Intuiting Pratt Parsing

(louis.co.nz)

48 points | by signa11 2 days ago

5 comments

logdahl 1 hour ago
Love Pratt parsing! Not a compiler guy, but I've spent way too many hours reflecting on parsing. I remember trying to get though the dragon book so many times and reading all about formal grammar etc. Until I landed on; recursive descent parsing + Pratt for expressions. Super simple technique, and for me is sufficient. I'm sure it doesn't cover all cases, but just for toy languages it feels like we can usually do everything with 2-token lookahead.
Not to step on anyone's toes, I just don't feel that formal grammar theory is that important in practice. :^)
[-]
- eru 21 minutes ago
  The Dragon book is not very good, to be honest.
  It was probably decent when all you had was something like Pascal and you wanted to write a C compiler.
  Parsing and compiling and interpreting etc are all much more at home in functional languages. Much easier to understand there. And once you do, then you can translate back into imperative.
  For parsing: by default you should be using parser combinators.
- randomNumber7 1 hour ago
  It's not for toy languages. Most big compilers use recursive descent parsing.
- signa11 52 minutes ago
  > Not to step on anyone's toes, I just don't feel that formal grammar theory is that important in practice. :^)
  exactly this ! a thousand times this !
  [-]
  - ogogmad 46 minutes ago
    I think even the theory of Regular Languages is overdone: You can get the essence of what NFAs are without really needing NFAs. You can get O(n) string matching without formally implementing NFAs, or using any other formal model like regex-derivatives. In fact, thinking in terms of NFAs makes it harder to see how to implement negation (or "complement" if you prefer to call it that) efficiently. It's still only linear time!
    The need for NFA/DFA/derivative models is mostly unnecessary because ultimately, REG is just DSPACE(O(1)). That's it. Thinking in any other way is confusing the map with the territory. Furthermore, REG is extremely robust, because we also have REG = DSPACE(o(log log n)) = NSPACE(o(log log n)) = 1-DSPACE(o(log n)). For help with the notation, see here: https://en.wikipedia.org/wiki/DSPACE
- gignico 1 hour ago
  Until you need to do more than all-or-nothing parsing :) see tree-sitter for example, or any other efficient LSP implementation of incremental parsing.
- ogogmad 1 hour ago
  Quick other one: To parse infix expressions, every time you see "x·y | (z | w)", find the operator of least binding power: In my example, I've given "|" less binding power than "·". Anyway, this visually breaks the expression into two halves: "x·y" and "(z | w)". Recursively parse those two subexpressions.
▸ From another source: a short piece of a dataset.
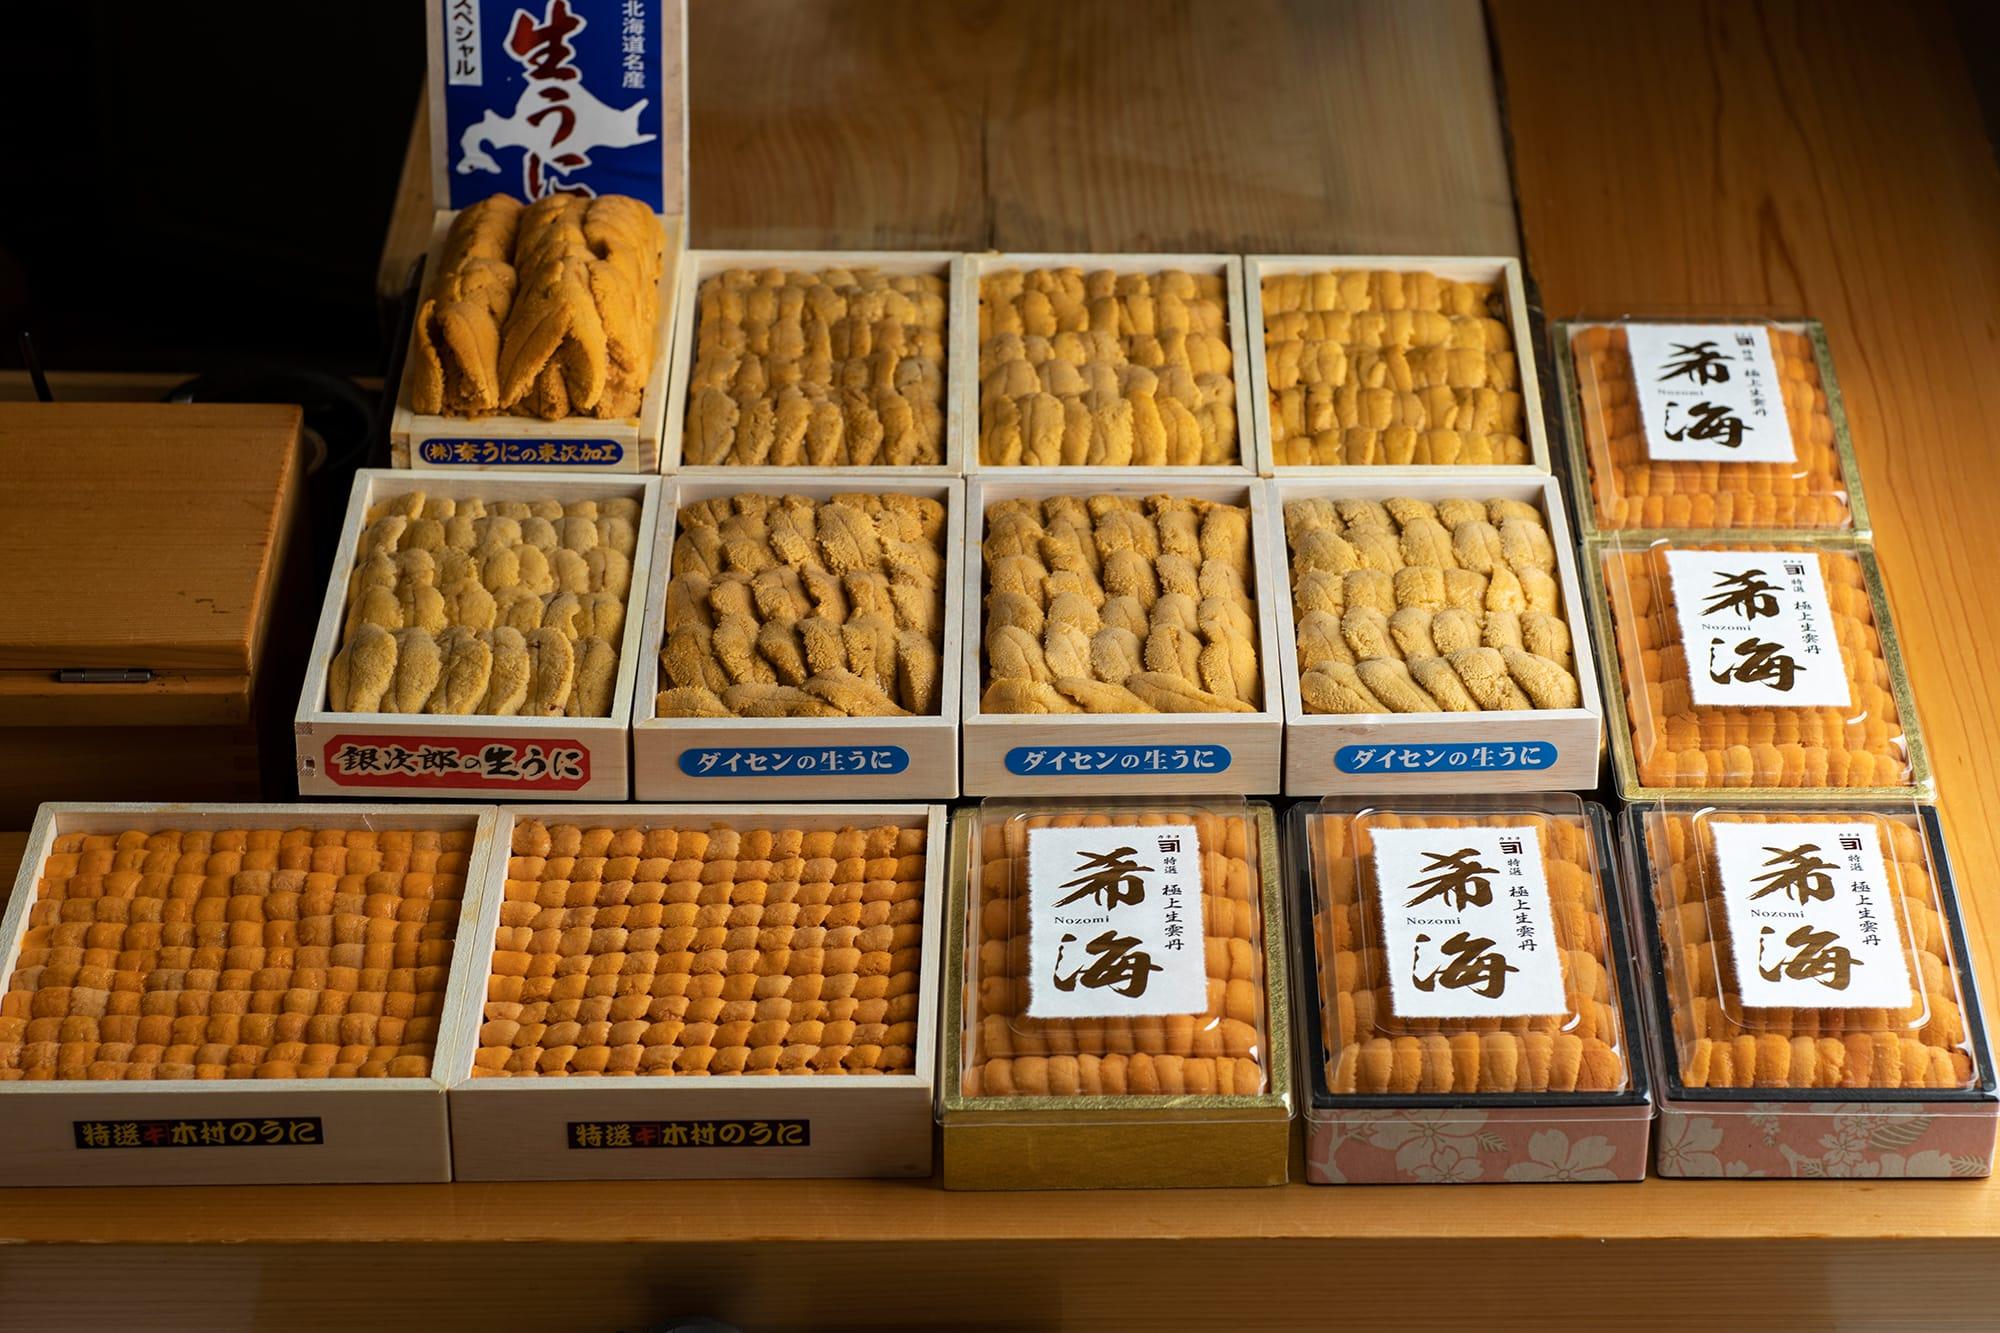 見事なウニのケースがずらりと並ぶ。季節によって変わる、さまざまなウニの食べ比べが可能。

Essentially, that's it.
  The symbols "·" and "|" don't mean anything - I've chosen them to be visually intuitive: The "|" is supposed to look like a physical divider. Also, bracketed expressions "(...)" or "{...}" should be parsed first.
  Wikipedia mentions that a variant of this got used in FORTRAN I. You could also speed up my naive O(n^2) approach by using Cartesian trees, which you can build using something suspiciously resembling precedence climbing.
svat 32 minutes ago
> I’ve read many articles on the same topic but never found it presented this way - hopefully N + 1 is of help to someone.
Can confirm; yes it was helpful! I've never thought seriously about parsing and I've read occasionally (casually) about Pratt parsing, but this is the first time it seemed like an intuitive idea I'll remember.
(Then I confused myself by following some references and remembering the term "precedence climbing" and reading e.g. https://www.engr.mun.ca/~theo/Misc/pratt_parsing.htm by the person who coined that term, but nevermind — the original post here has still given me an idea I think I'll remember.)
randomNumber7 1 hour ago
I can recommend anyone reading pratts original paper. Its written in a very cool and badass style.
https://dl.acm.org/doi/epdf/10.1145/512927.512931
hyperhello 45 minutes ago
You can either use the stack in an intuitive way, or you can change the tree directly in a somewhat less intuitive way without recursion. Essentially either DF or BF. I don’t see how it matters much anymore with stacks that grow automatically, but it’s good to understand.
priceishere 1 hour ago
An even simpler way imo, is explicit functions instead of a precedence table, then the code pretty much has the same structure as EBNF.
Need to parse * before +? Begin at add, have it call parse_mul for its left and right sides, and so on.
```
  parse_mul() {
    left = parse_literal()
    while(is_mul_token()) { // left associative
      right = parse_literal()
      make_mul_node(left, right)
    }
  }

  parse_add() {
    left = parse_mul()
    while(is_add_token()) { // left associative
      right = parse_mul()
      make_add_node(left, right)
    }
  }
```
Then just add more functions as you climb up the precedence levels.
[-]
- kryptiskt 1 hour ago
  You lose in versatility, then you can't add user-defined operators, which is pretty easy with a Pratt parser.